Subtle burn on the mongo and its client-coordinated session causality model.

sargun 4 years ago |

Given that most application developers started with something like a postgresql, or a MySQL that has pessimistic locking, and thus transactions rarely end in read / write conflicts (aborts), how have people (and potentially programming languages) adapted to optimistic concurrency control?

Also, when you say:

> On the other hand, server-side transactions use a more typical pessimistic relational lock. They open a transaction, do some work, and then commit it.

What do you mean? What are server-side transactions?

evanweaver 4 years ago | |

We haven't seen much difference in practice between frequent aborts and frequent timeouts. Both are better than deadlocks.

I meant transactions issued from a server ("cloud") client to the database, as opposed to a mobile client.

jhgb 4 years ago | |

> how have people (and potentially programming languages) adapted to optimistic concurrency control

If they started with PostgreSQL, then they're already adapted to optimistic concurrency control, right?

sargun 4 years ago |

Having played with the Firebase Python client, outstanding writes within a transaction are "kind of" exposed because you fetch the document, and make alterations to it before saving it (within a "transaction"). That object, when you make alterations to it, bubbles up the changes -- AFAICT, this is a bit of client side hack, but it's ergonomically wonderful.

evanweaver 4 years ago | |

I guess most ORMs are like that. Is the object shared by reference across the entire runtime or do you end up with divergent objects?

sargun 4 years ago | | |

It's only valid in the context of that function invocation. The docs say not to write impure functions or do anything with concurrency -- if you start two simultaneous transactions, the client isn't "smart" about it unfortunately.

evanweaver 4 years ago |

I’m around to answer questions and discuss.

Anybody who has used Couchbase transactions, or sharded Mongo transactions, and can corroborate our analysis?

jimsimmons 4 years ago | |

I like the presentation of ideas. Can you expand on use cases of Firebase’s nested document model? Seems powerful as a file system but not sure how that will play with the complexities of distributed applications.

evanweaver 4 years ago | | |

Firebase was originally designed more as a realtime communication mechanism than an operational database.

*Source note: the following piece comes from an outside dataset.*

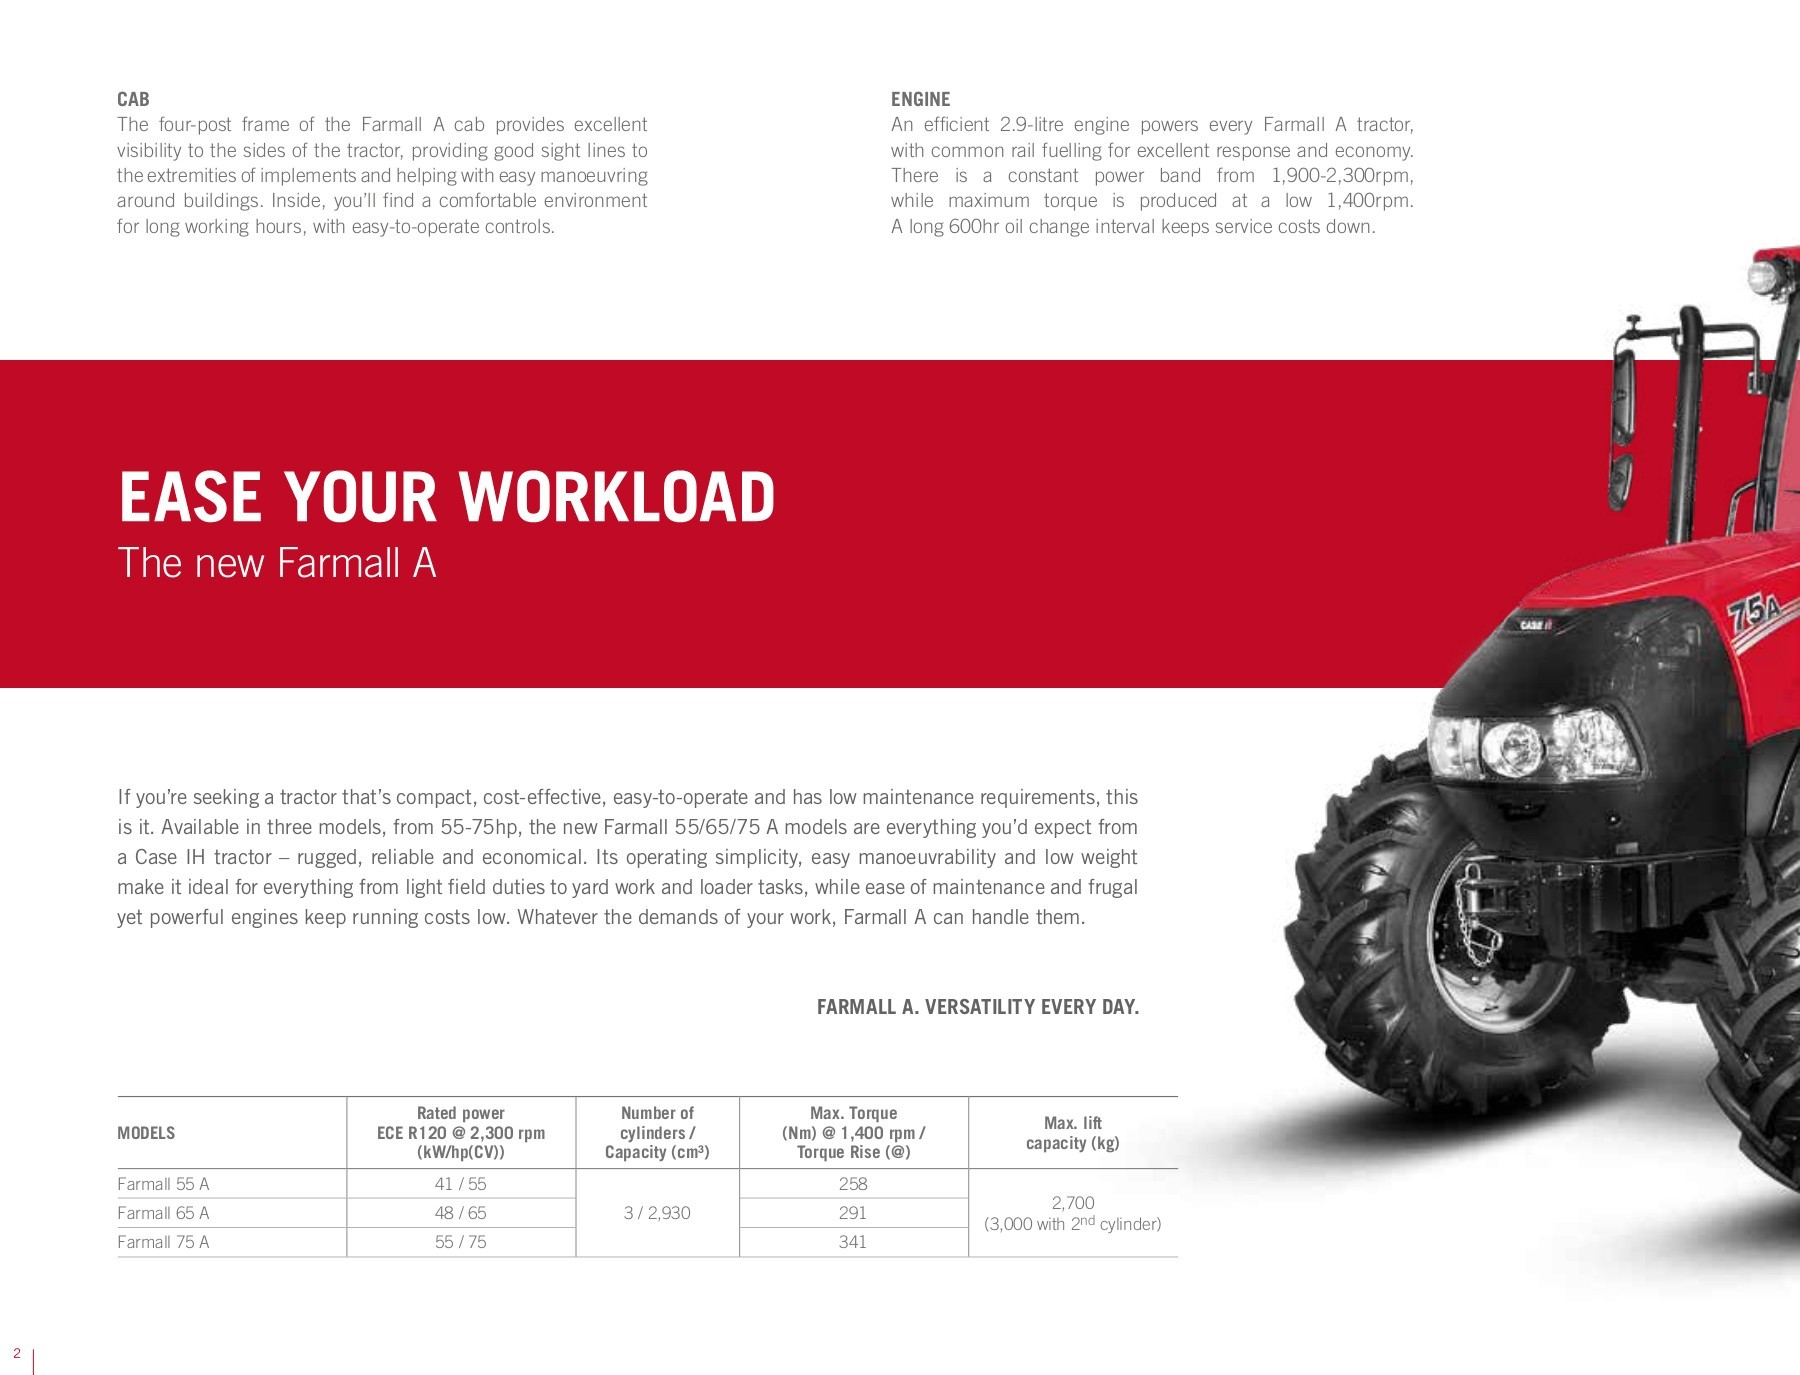 Farmall 55-75 A | Tractors | Products | Case IH

The idea was that clients would subscribe to different nodes in a data hierarchy to receive realtime notifications from other clients that were publishing to those nodes. Depending on what was in the client view, sometimes you wanted to subscribe to a leaf, sometimes to a subtree, sometimes to everything.

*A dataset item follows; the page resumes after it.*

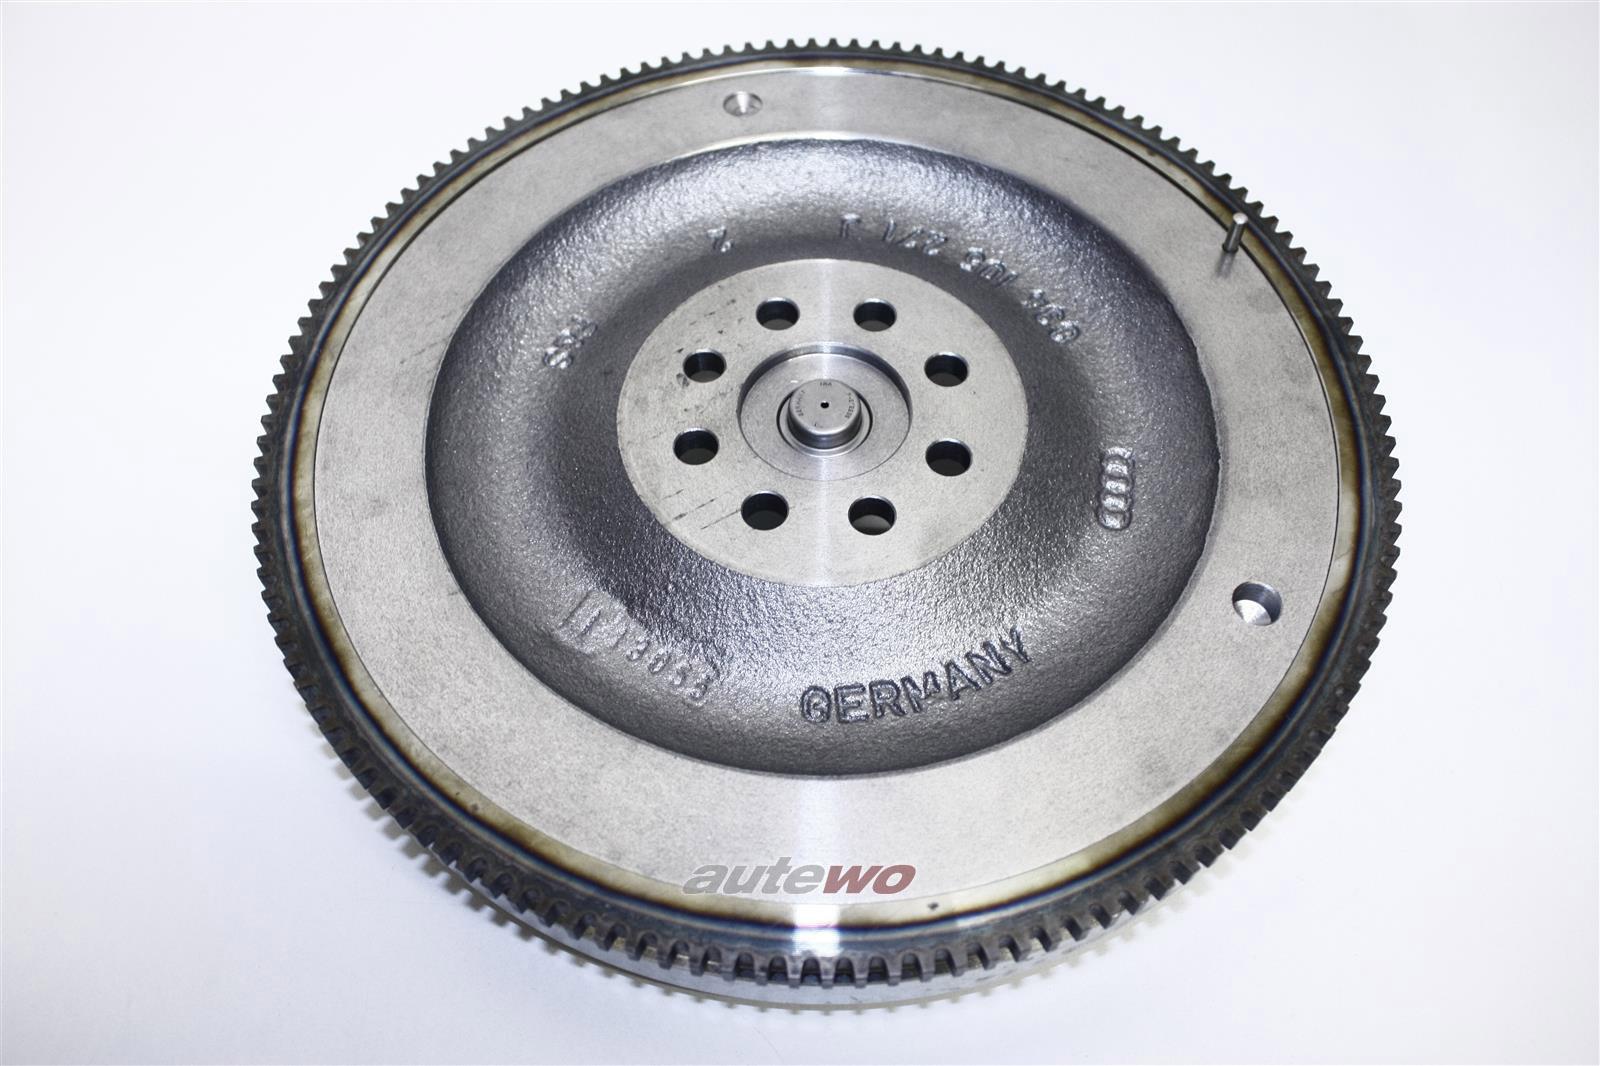 034105270AA NEU Audi S2 Coupe Typ 89 2.2l 20V Turbo 3B Ein-Massen-Schwungrad

As these things tend to go, when there is a place to store arbitrary data, all kinds of things get shoved into it, so the mixed model in Firestore is a compromise between the original tree-of-nodes data model and a more conventional document data model.

My assumption is the Firestore-to-Spanner mapping creates subcollections as shared tables with foreign keys to the parent documents, but I don't actually know. However, that would match the mandatory 1-to-many-to-1-to-many data layout, and makes more sense than shoving all the dependent data into the document itself or creating multiple millions of SQL tables for millions of documents.